ML method for data processing. The database
research community has developed innovative ML-
based techniques for Approximate Query Processing
(AQP) that substantially accelerate the provision of
approximate query results, achieving speeds orders of
magnitude faster than traditional DBMS methods
used for calculating exact results. In these papers
(Thirumuruganathan et al., 2013), (Savva et al.,
2020), researchers used deep generative models,
particularly variational autoencoders (VAEs), to
execute aggregate queries in interactive applications
such as data exploration and visualization. This
research (Savva et al., 2020) also incorporated
machine learning models to approximate the
aggregated SQL queries. Models such as gradient
boost machines (GBMs), XGBoost, and LightGBM
were trained to predict the results of aggregated
queries. The efficacy of our method relative to
established methods is summarized in Table 1.
In-memory data processing with sampling. In
contexts where the volume of data is extensive and
memory capacity is constrained; sampling can
facilitate in-memory processing. Various
methodologies have been developed to approximate
database queries, predominantly through the
execution of queries on intelligently selected data
samples (Mozafari and Niu, 2015). These techniques
employ statistical methods to provide an estimated
result within a specified confidence interval.
Although numerous studies have examined the
advantages of data sampling (Bagchi et al., 2007),
(Babcock et al., 2001), (Chuang et al., 2009), their
integration into streaming engines remains limited
(Chandramouli et al., 2014), (Zaharia et al., 2013). An
exception is the SnappyData project (Ramnarayan et
al., 2016), an analytics database optimized for
memory usage that uses the High-Level Accuracy
Contract (HAC), a concept which was implemented
in VerdictDB (Mozafari et al., 2018). VerdictDB
operates at the driver level, intercepting analytical
queries issued to the database and rewriting them into
another query that yields sufficient information to
compute an approximate answer. The predominant
approach in Approximate Query Processing (AQP)

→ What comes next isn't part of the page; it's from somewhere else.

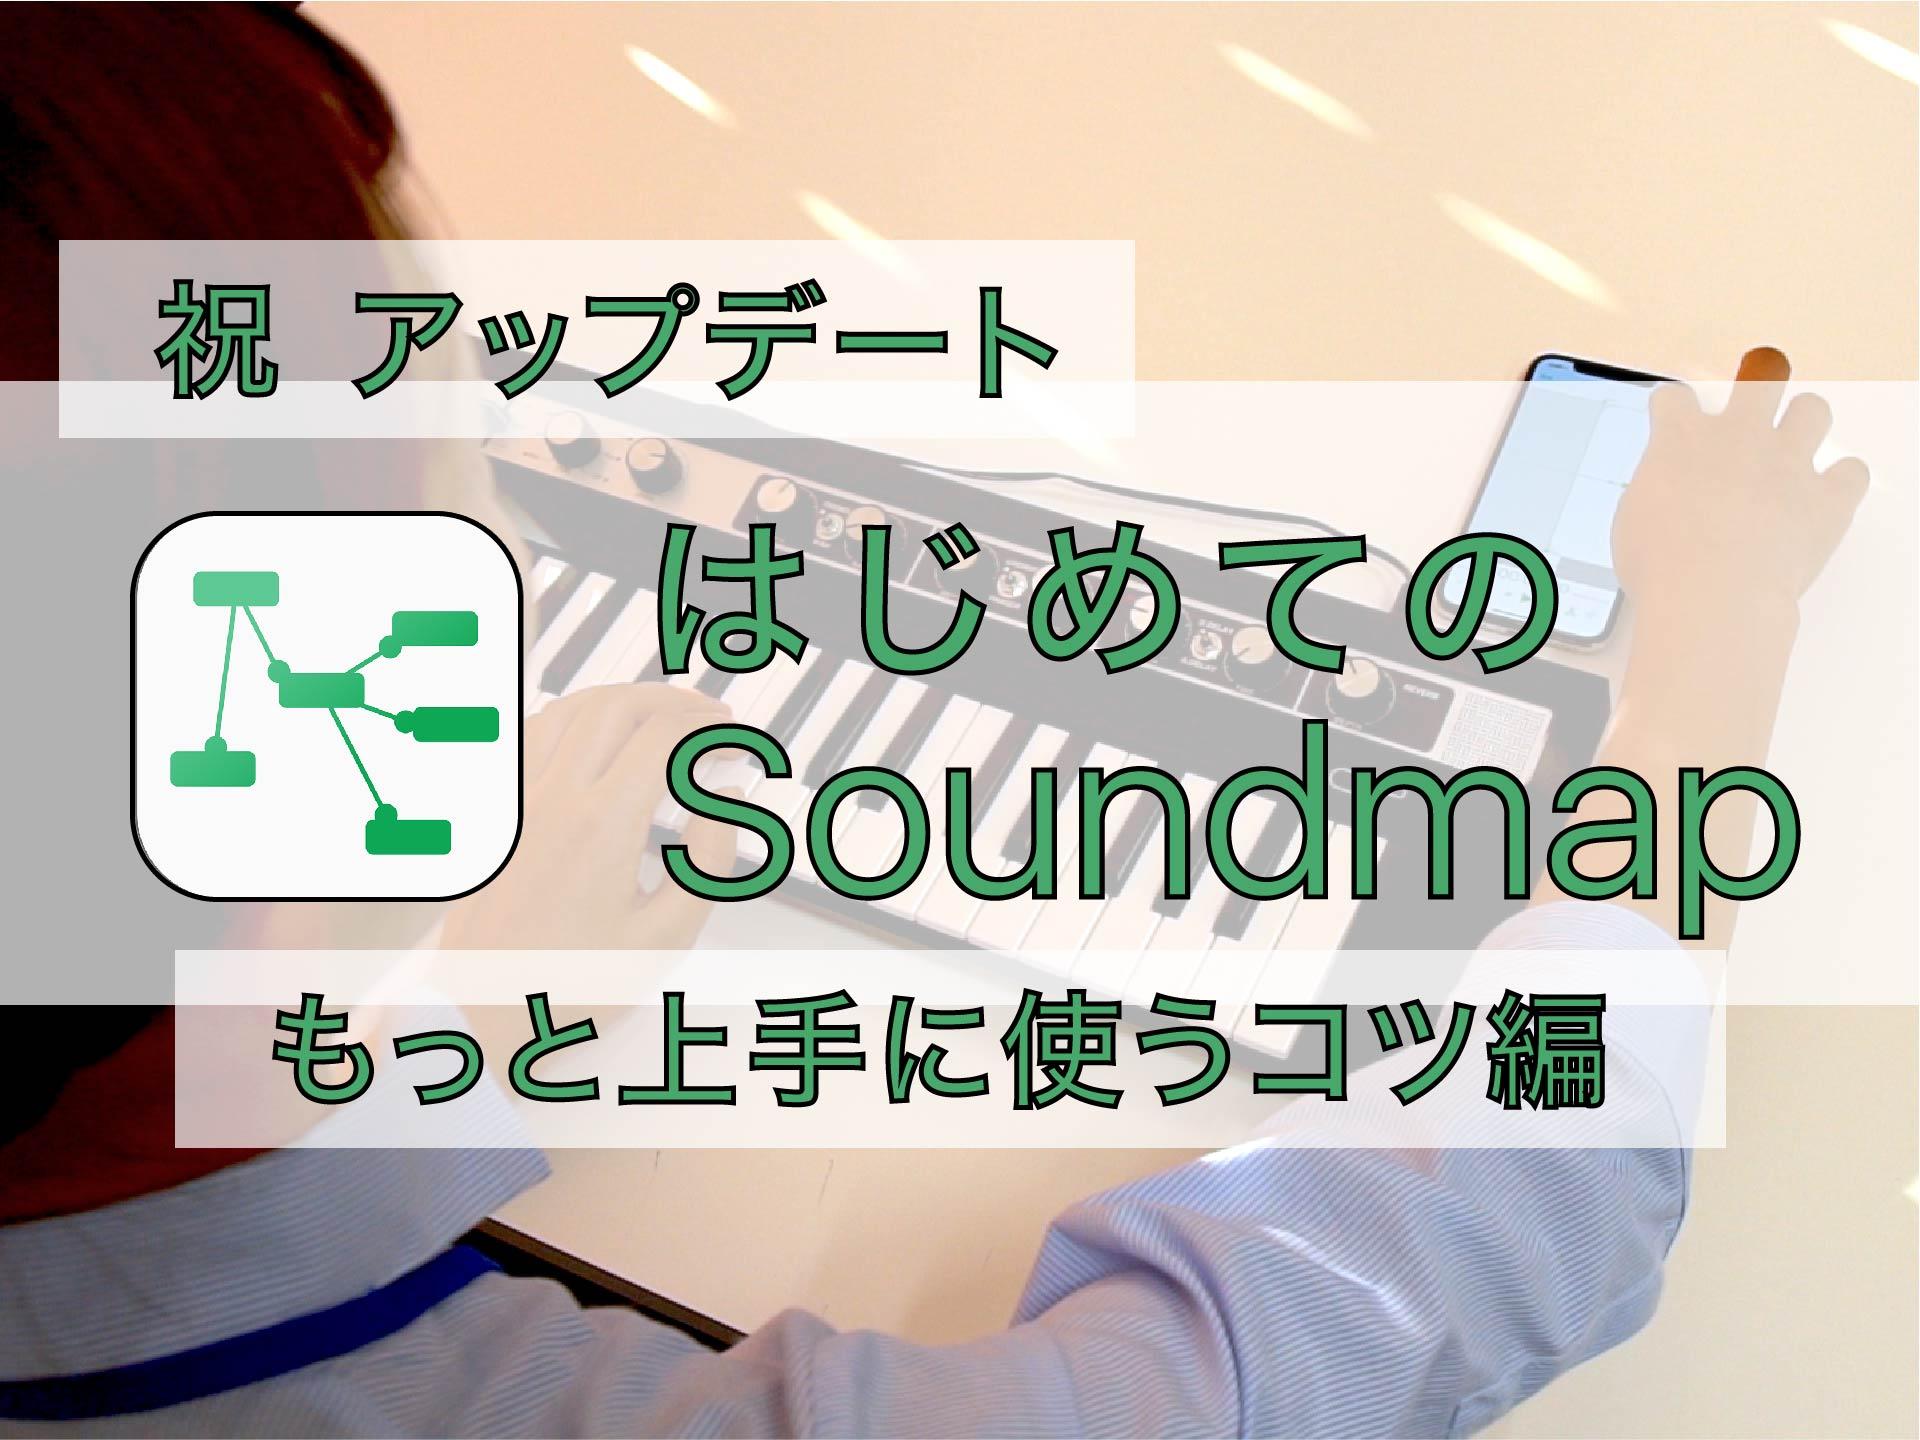 Soundmap_サムネ_もっと上手に使うコツ編-01
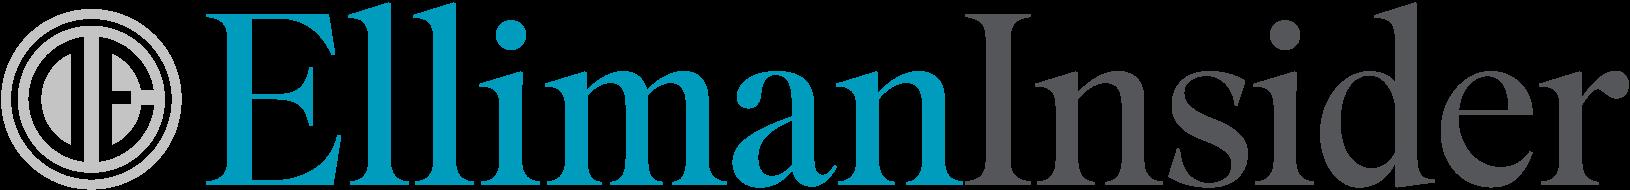 elliman_insider_logo

systems involves the use of stratified sampling, which
relies on prior knowledge of data distributions,
although such knowledge is not always available (Li
an Li, 2018), (He et al., 2018), (Savva et al., 2020).
However, such methods that use uniform random
sampling are less effective for "Group By" queries,
which is crucial in conducting exploratory data
analysis. In contrast, stratified sampling has been
IDAT: An Interactive Data Exploration Tool
605
shown to be more efficient for such tasks (Acharya et
al., 1999). However, stratified sampling methods
generally require significant pre-processing time for
data preparation to approximate a known set of
queries. Although this approach may be effective for
certain applications, it can be inefficient for
interactive data exploration, which typically involves
ad hoc and unforeseen queries (Galakatos et al.,
2017), (Acharya et al., 1999).
Processing with data summaries. With this
approach, AQP is applied to data summaries that were
prepared in advance (Cormode et al., 2012). This
approach, along with the sampling methods discussed
above, is considered complementary (Ramnarayan et
al., 2016). Existing mechanisms for constructing data
summaries are tailored to approximate predefined
query configurations (Cuzzocrea and Saccà, 2013),
analogously to the way that OLAP cubes are designed
to compute predetermined data aggregations.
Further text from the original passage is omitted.